*PROBLEM DESCRIPTION*: Keep every word of the listing and drop the images when you write it out.

*INFORMATION SHOWN*:
[Start of Attachment]
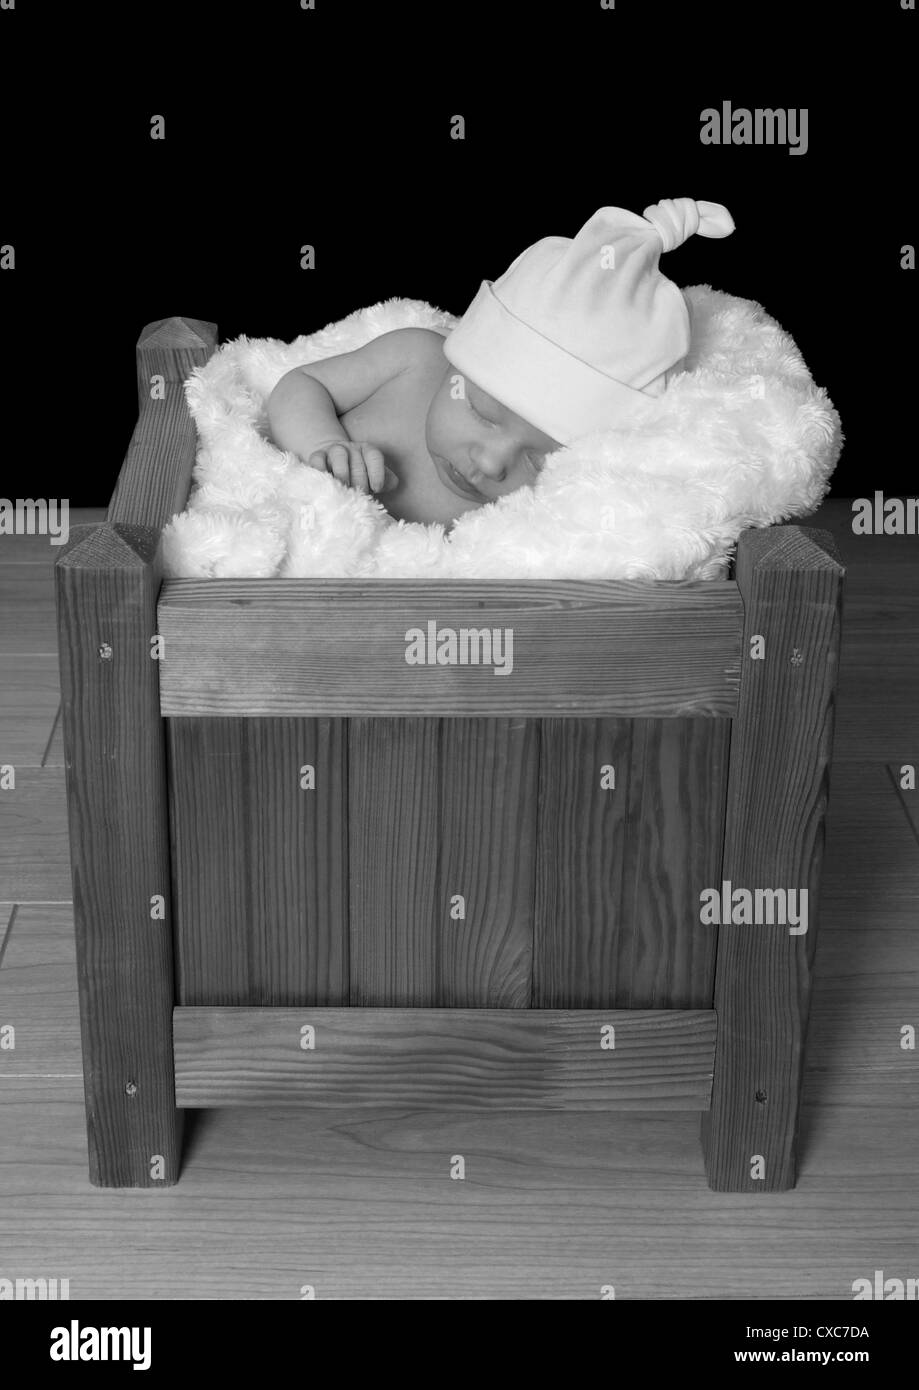 Junge baby Mädchen trägt einen Hut, schläft in einem hölzernen Kasten Stockfoto
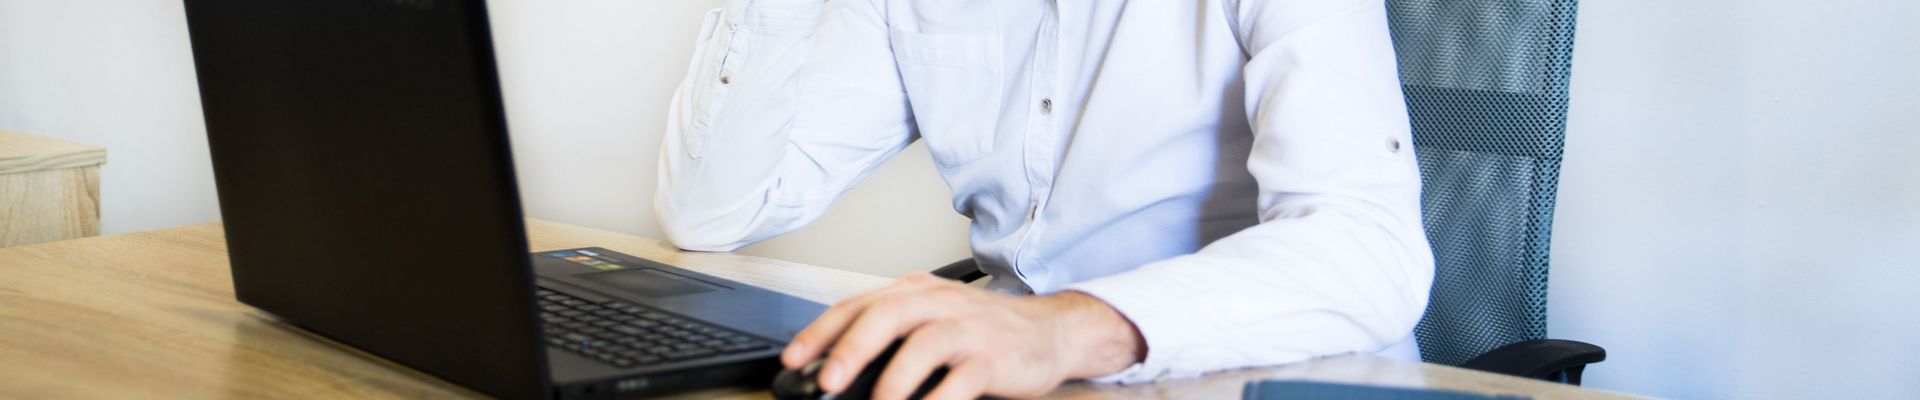 Ein Mann sitzt an einem Schreibtisch, telefoniert und arbeitet an seinem Laptop.
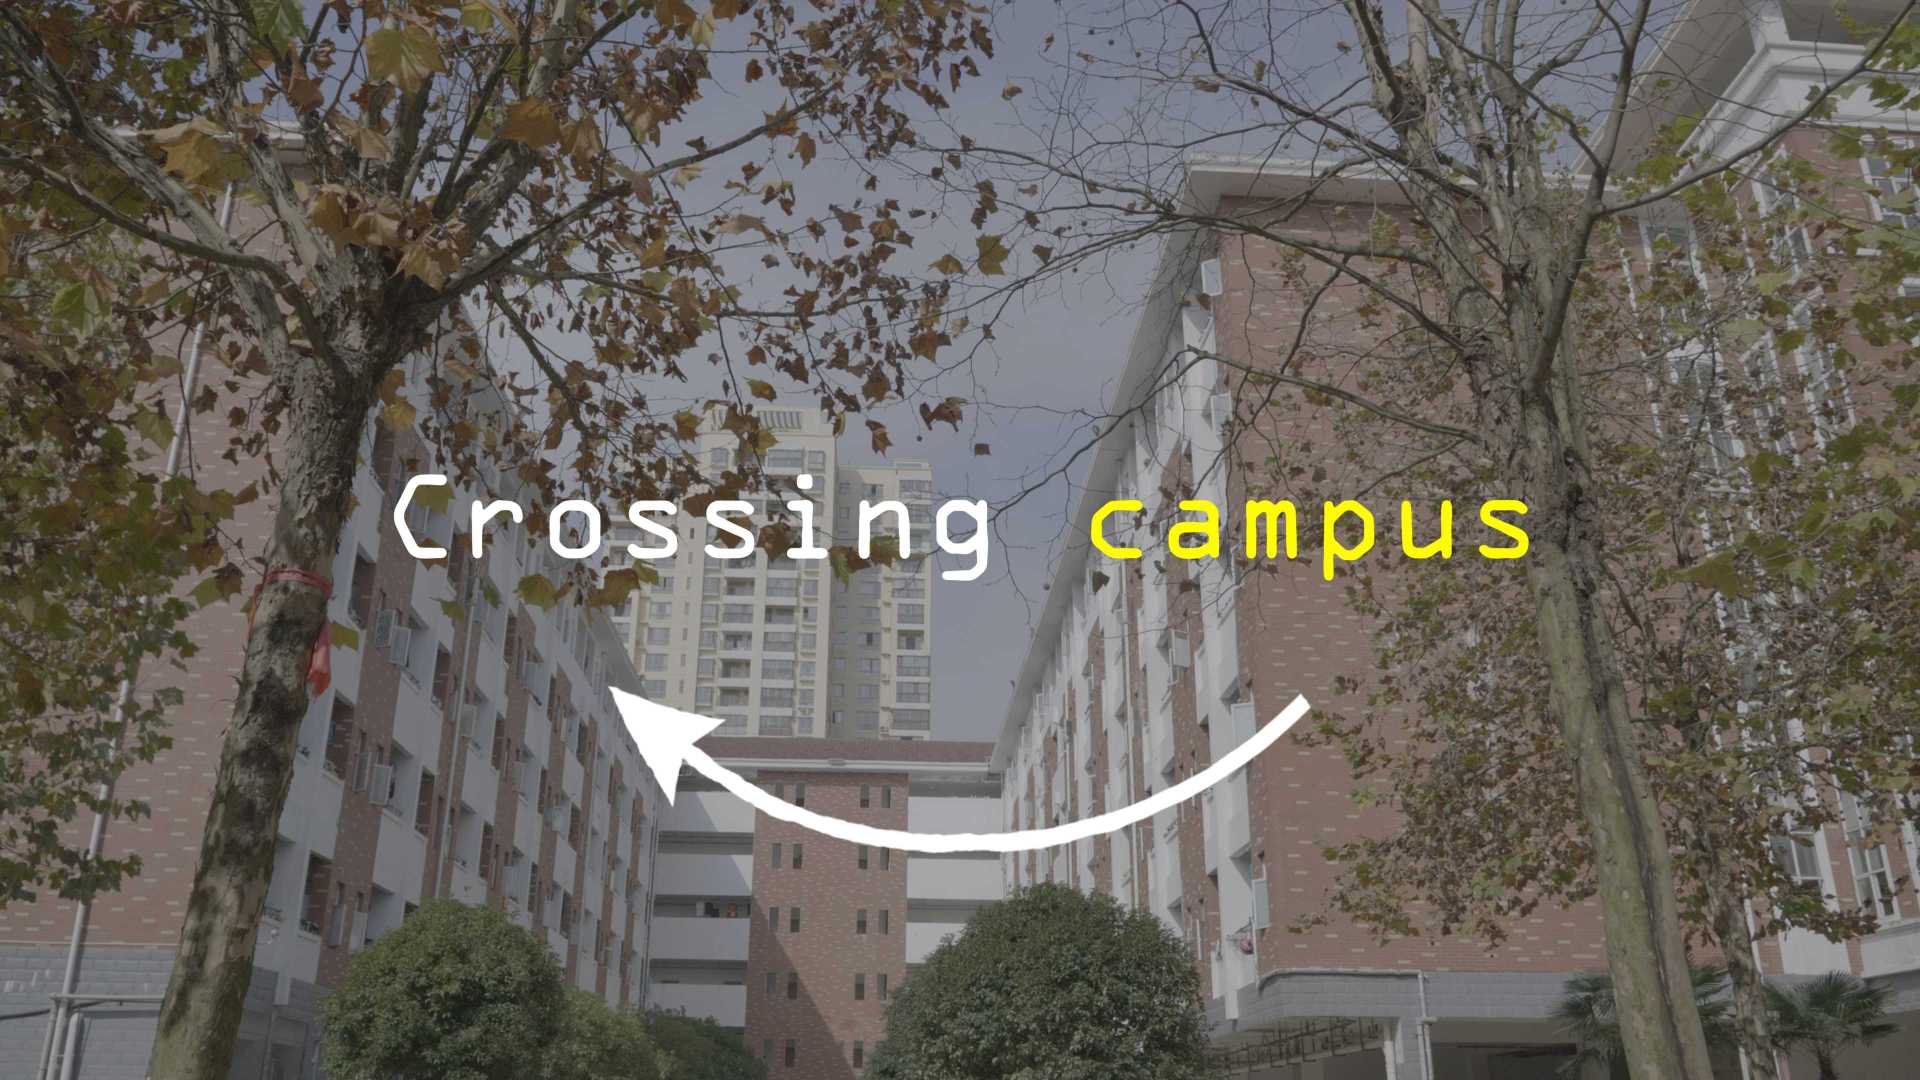 Crossing campus
[End of Attachment]
*RESULT OF THIS EXERCISE*:
 Junge baby Mädchen trägt einen Hut, schläft in einem hölzernen Kasten Stockfoto
 Ein Mann sitzt an einem Schreibtisch, telefoniert und arbeitet an seinem Laptop.
 Crossing campus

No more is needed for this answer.